Storage suppliers have also focused on the I/O bottleneck so data can be delivered efficiently to large numbers of (very costly) GPUs.

Those efforts have ranged from integrations with Nvidia infrastructure – the key player in GPU and AI server technology – via microservices such as NeMo for training and NIM for inference to storage product validation with AI infrastructure, and to entire storage infrastructure stacks aimed at AI.  

Supplier initiatives have also centred on the development of retrieval augmented generation (RAG) pipelines and hardware architectures to support it. RAG validates the findings of AI training by reference to external, trusted information, in part to tackle so-called hallucinations.

Which storage suppliers offer products validated for Nvidia DGX?
Numerous storage suppliers have products validated with DGX offerings, including the following.

DataDirect Networks (DDN) offers its A³I AI400X2 all-NVMe storage appliances with SuperPOD. Each appliance delivers up to 90GBps throughput and three million IOPS.

Dell’s AI Factory is an integrated hardware stack spanning desktop, laptop and server PowerEdge XE9680 compute, PowerScale F710 storage, software and services and validated with Nvidia’s AI infrastructure. It is available via Dell’s Apex as-a-service scheme.

IBM has Spectrum Storage for AI with Nvidia DGX. It is a converged, but separately scalable compute, storage and networking solution validated for Nvidia BasePOD and SuperPod.

Backup provider Cohesity announced at Nvidia’s GTC 2024 event that it would integrate Nvidia NIM microservices and Nvidia AI Enterprise into its Gaia multicloud data platform, which allows use of backup and archive data to form a source of training data.

Hammerspace has GPUDirect certification with Nvidia. Hammerspace markets its Hyperscale NAS as a global file system built for AI/ML workloads and GPU-driven processing.

Hitachi Vantara has its Hitachi iQ, which provides industry-specific AI systems that use Nvidia DGX and HGX GPUs with the company’s storage.

HPE has GenAI supercomputing and enterprise systems with Nvidia components, a RAG reference architecture, and plans to build in NIM microservices. In March 2024, HPE upgraded its Alletra MP storage arrays to connect two times the number of servers and four times the capacity in the same rackspace with 100Gbps connectivity between nodes in a cluster.

NetApp has product integrations with BasePOD and SuperPOD. At GTC 2024 NetApp announced integration of Nvidia’s NeMo Retriever microservice, a RAG software offering, with OnTap customer hybrid cloud storage.

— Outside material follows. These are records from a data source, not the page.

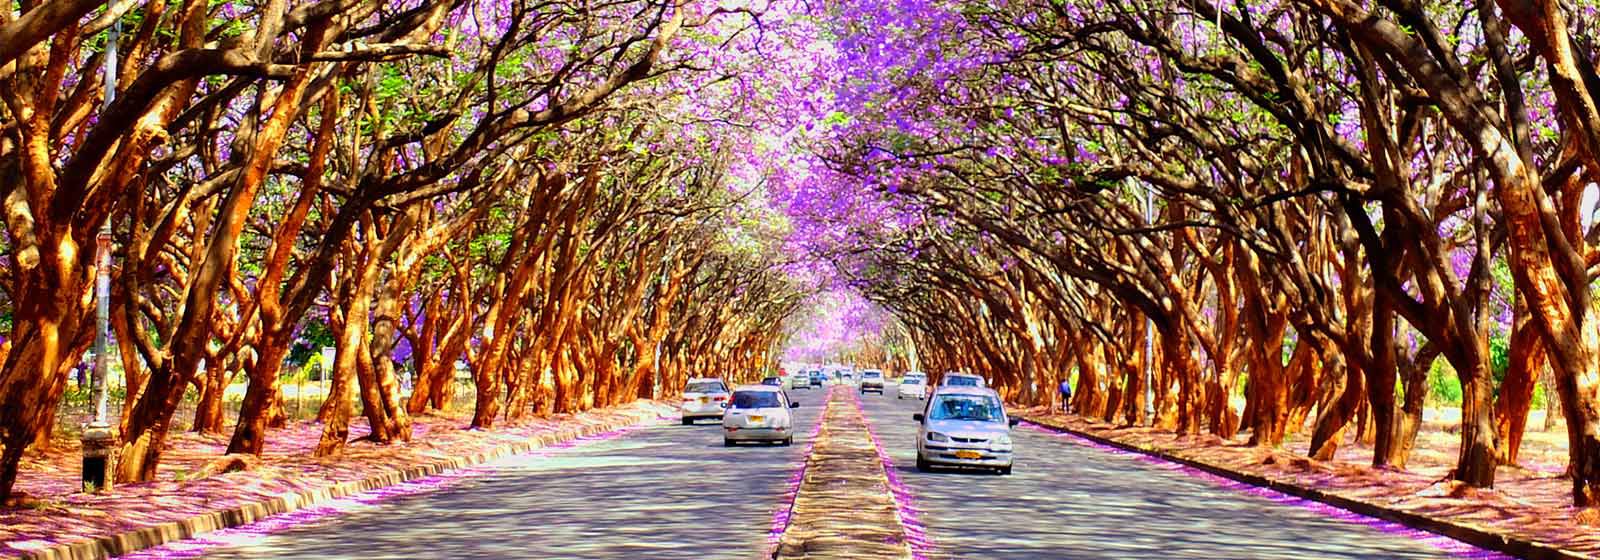 Road with purple blossomed trees lining it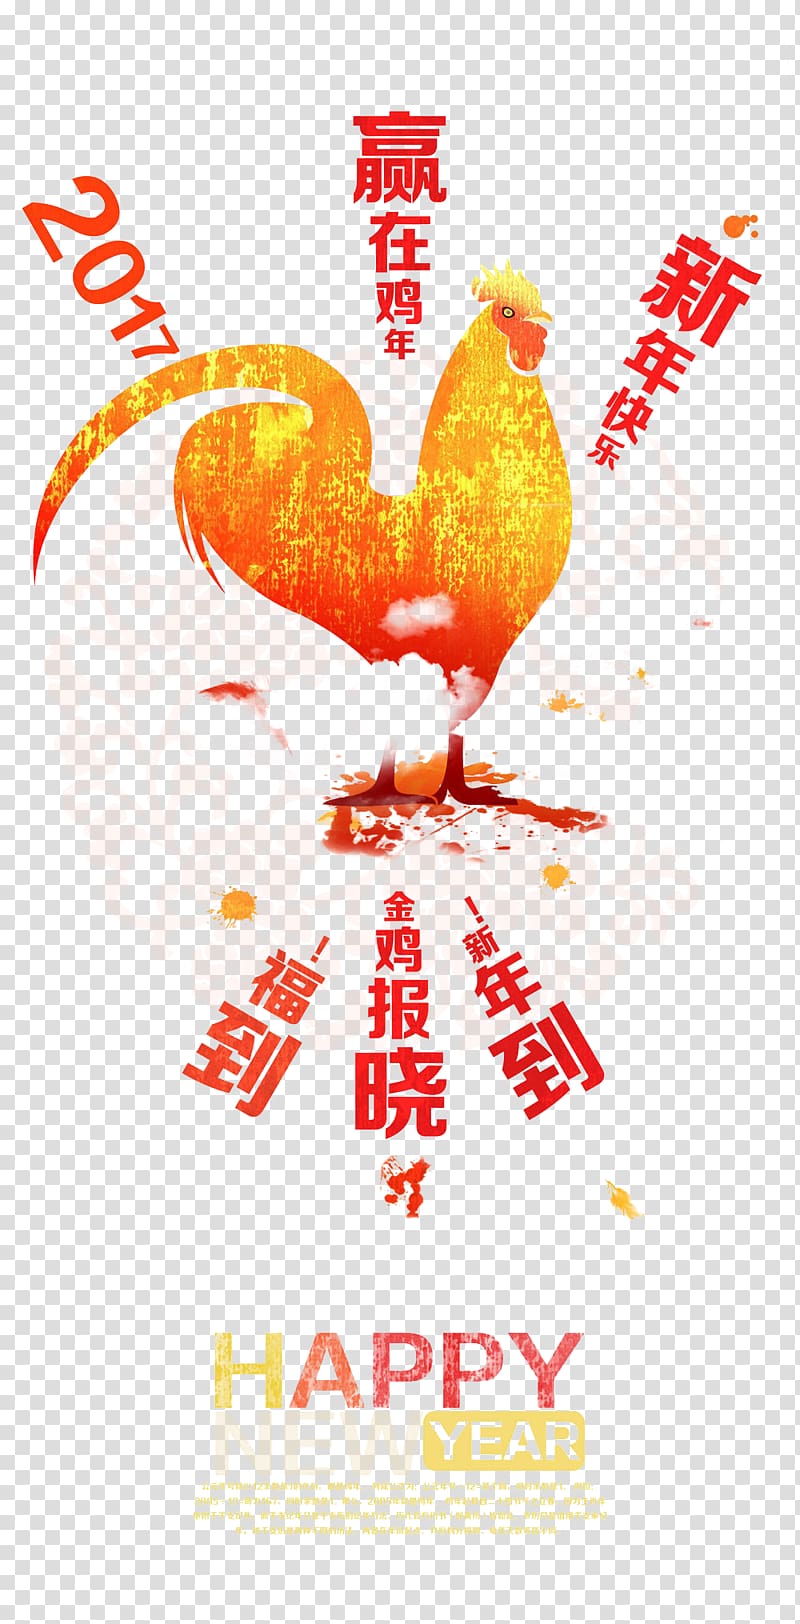 Chicken Chinese New Year Poster, Year of the Rooster Chinese New Year Poster transparent background PNG clipart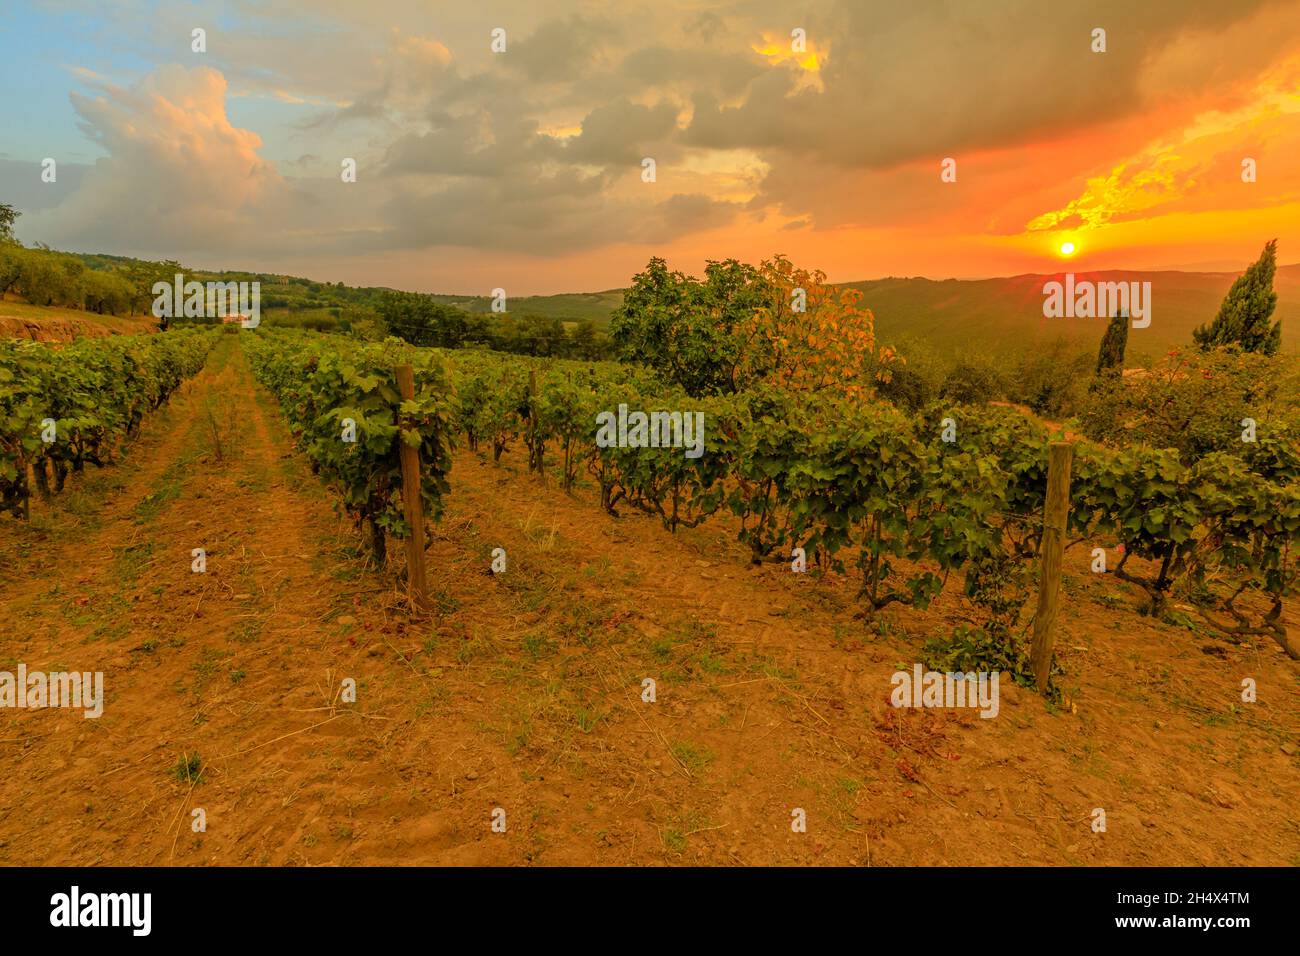 Tuscany in Italy: Vineyard Terrace in Montalcino winegrowing village in the Italian countryside at sunset. Tuscan mountain vineyards of Italy wine Stock Photo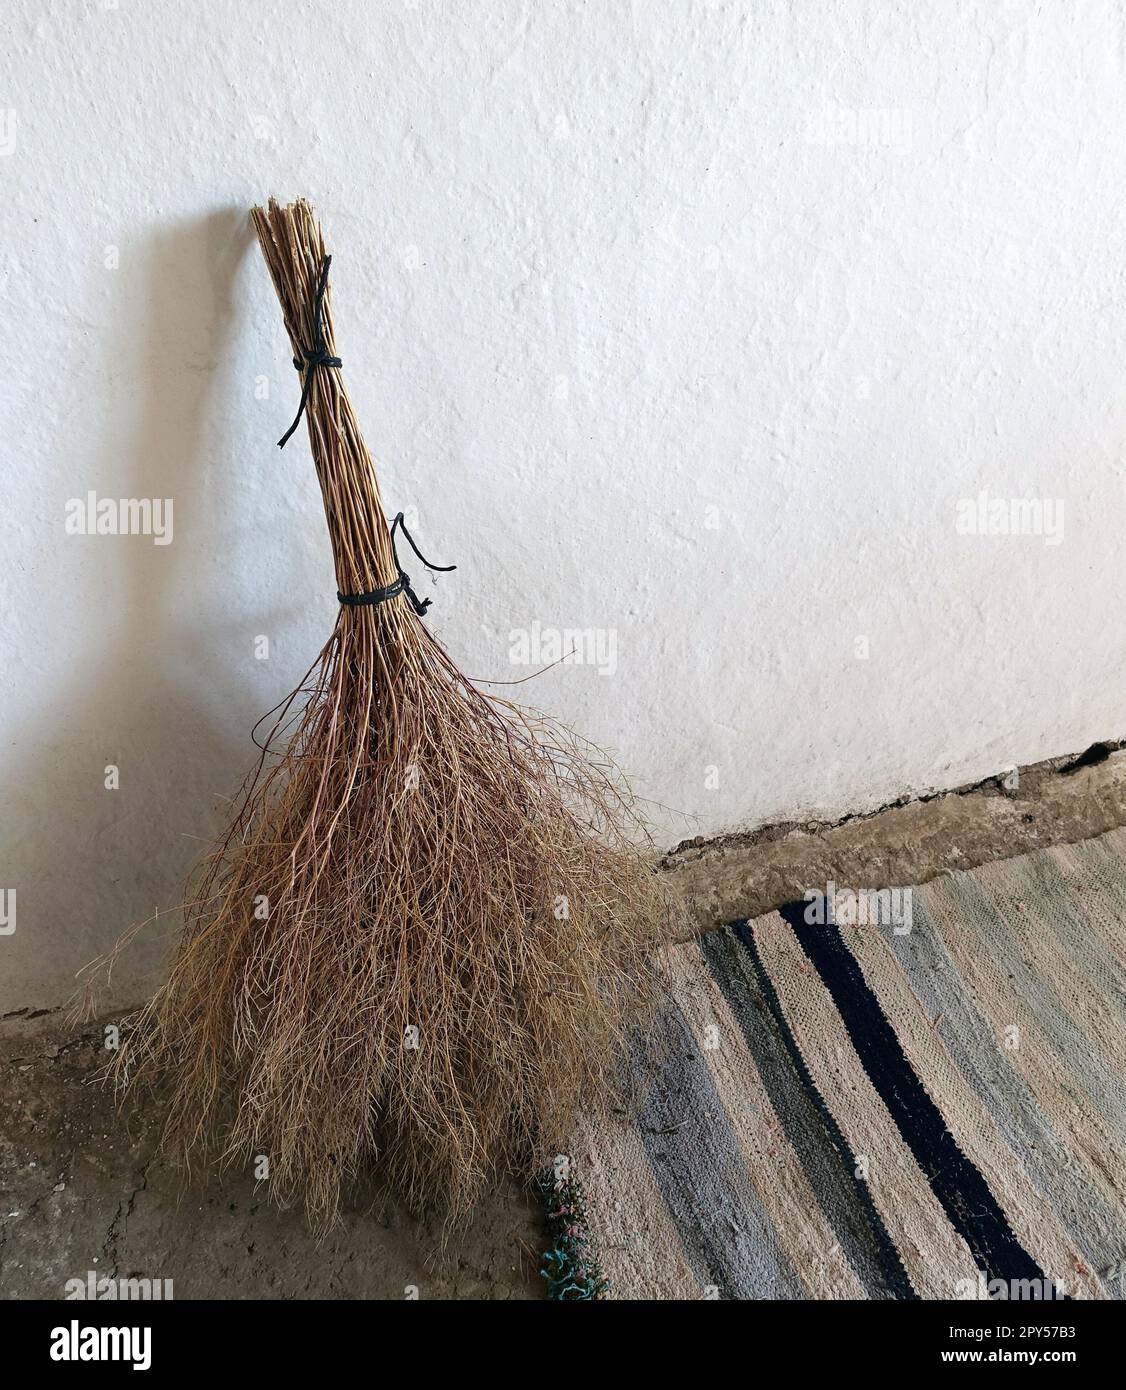 hand woven classic carpet and handmade grass broom, classic village household items Stock Photo

Pure Storage has AIRI, a flash-based AI infrastructure certified with DGX and Nvidia OVX servers and using Pure’s FlashBlade//S storage. At GTC 2024, Pure announced it had created a RAG pipeline that uses Nvidia NeMo-based microservices with Nvidia GPUs and its storage, plus RAGs for specific industry verticals.

Vast Data launched its Vast Data Platform in 2023, which marries its QLC flash-and-fast-cache storage subsystems with database-like capabilities at native storage I/O level, and DGX certification.

In March 2024, hybrid cloud NAS maker Weka announced a hardware appliance certified to work with Nvidia’s DGX SuperPod AI datacentre infrastructure.